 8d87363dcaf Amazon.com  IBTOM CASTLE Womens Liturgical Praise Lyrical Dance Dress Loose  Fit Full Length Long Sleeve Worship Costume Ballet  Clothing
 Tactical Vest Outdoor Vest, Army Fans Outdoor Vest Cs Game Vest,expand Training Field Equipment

• • •

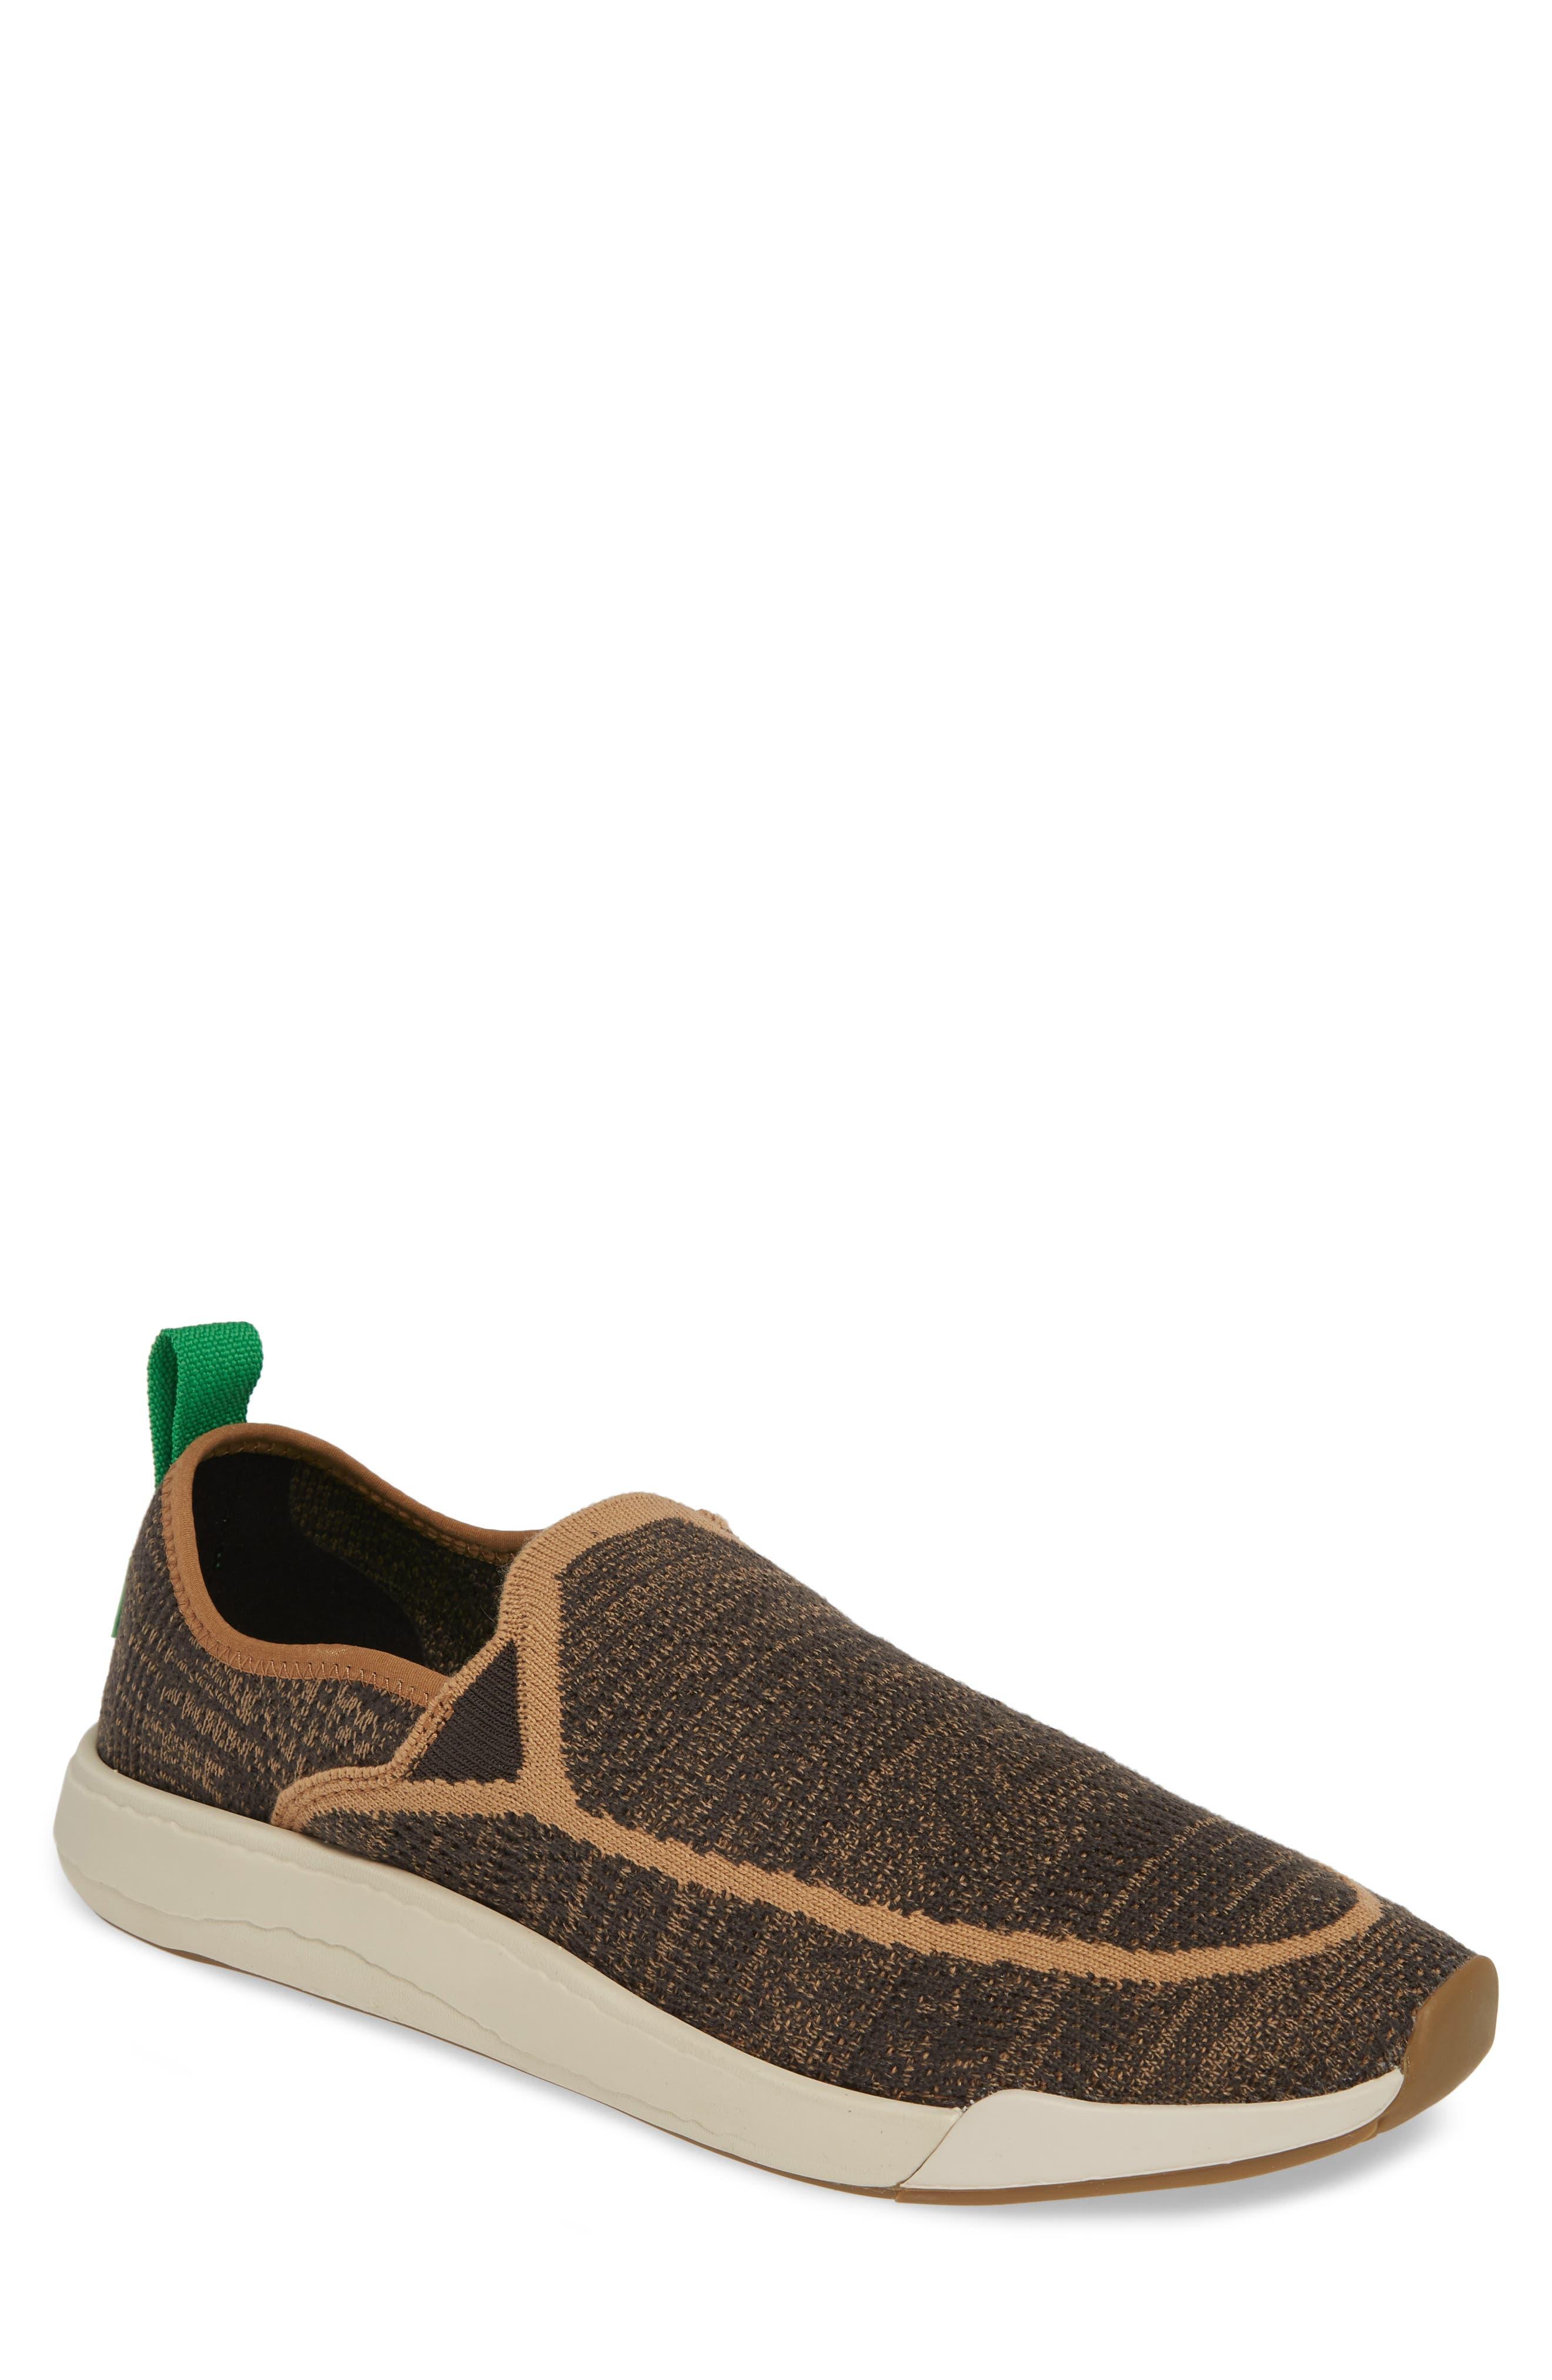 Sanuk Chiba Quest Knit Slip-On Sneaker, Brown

• • •

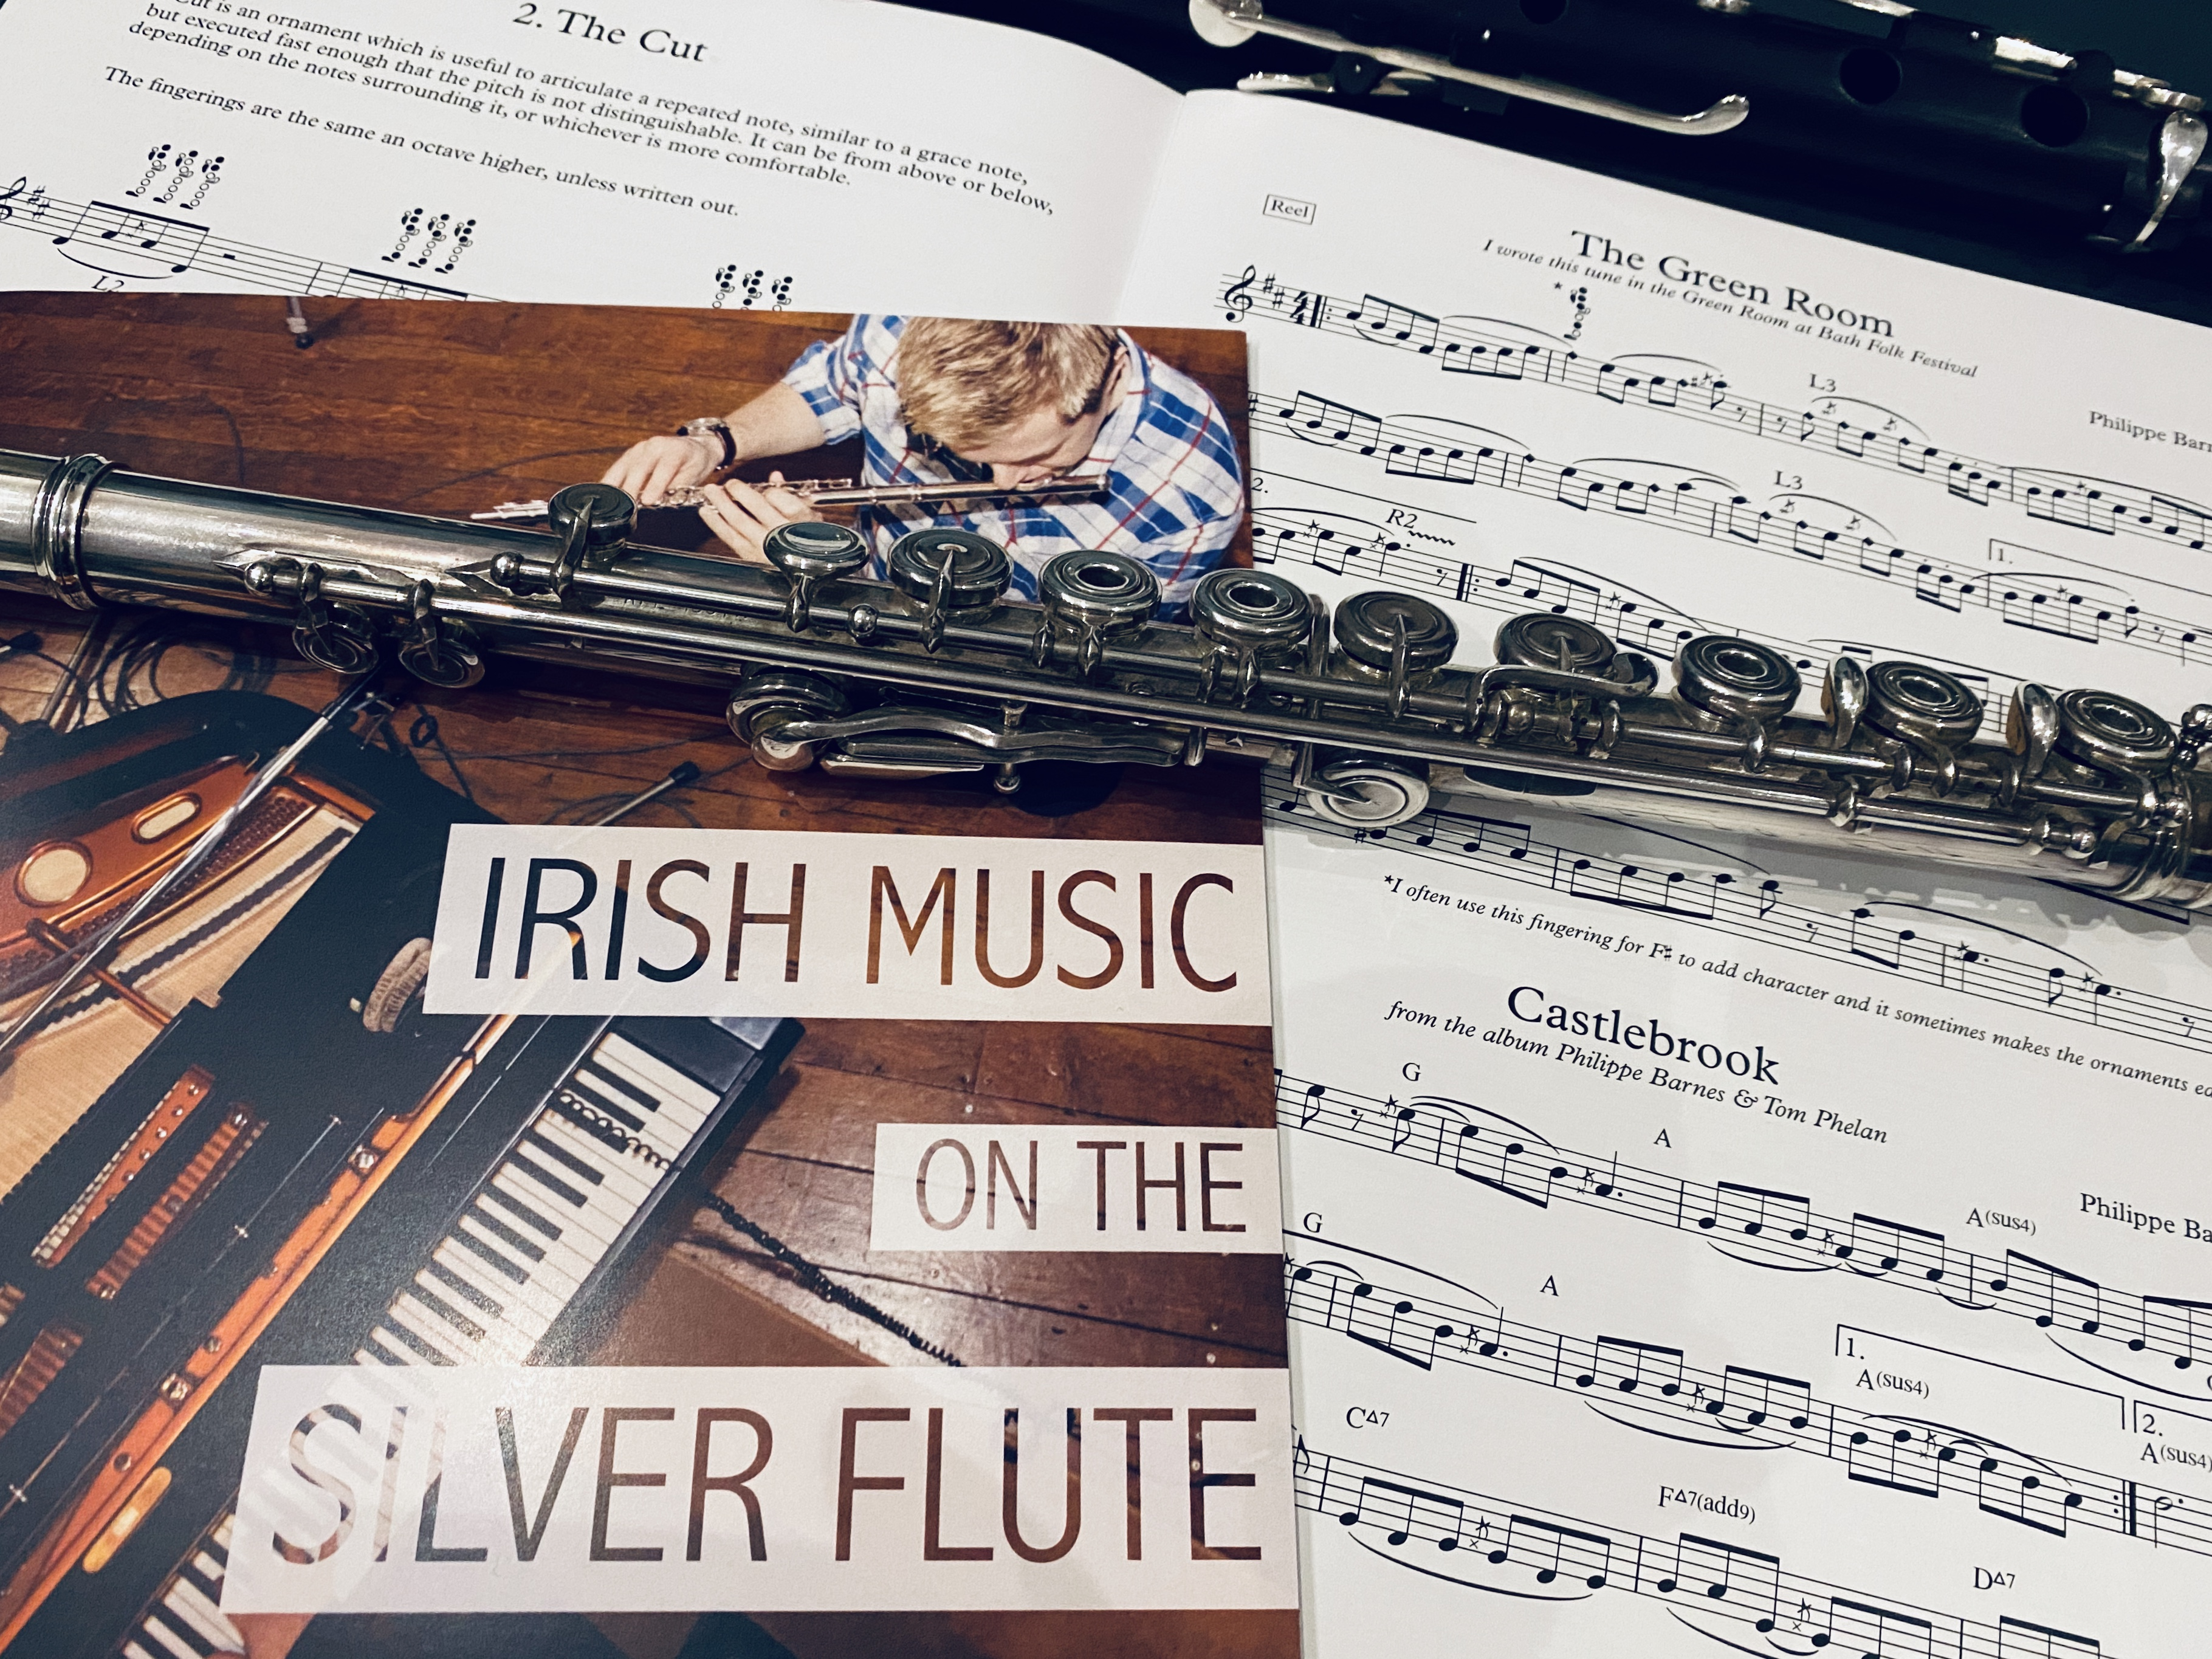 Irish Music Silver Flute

• • •

YOUR ASSIGNMENT: Write out exactly the lines above from the line with "IBTOM CASTLE Womens" through the line with "Tactical Vest Outdoor", both of them included, and leave out all other lines.

SOLUTION TO THIS PROBLEM:
 8d87363dcaf Amazon.com  IBTOM CASTLE Womens Liturgical Praise Lyrical Dance Dress Loose  Fit Full Length Long Sleeve Worship Costume Ballet  Clothing
 Tactical Vest Outdoor Vest, Army Fans Outdoor Vest Cs Game Vest,expand Training Field Equipment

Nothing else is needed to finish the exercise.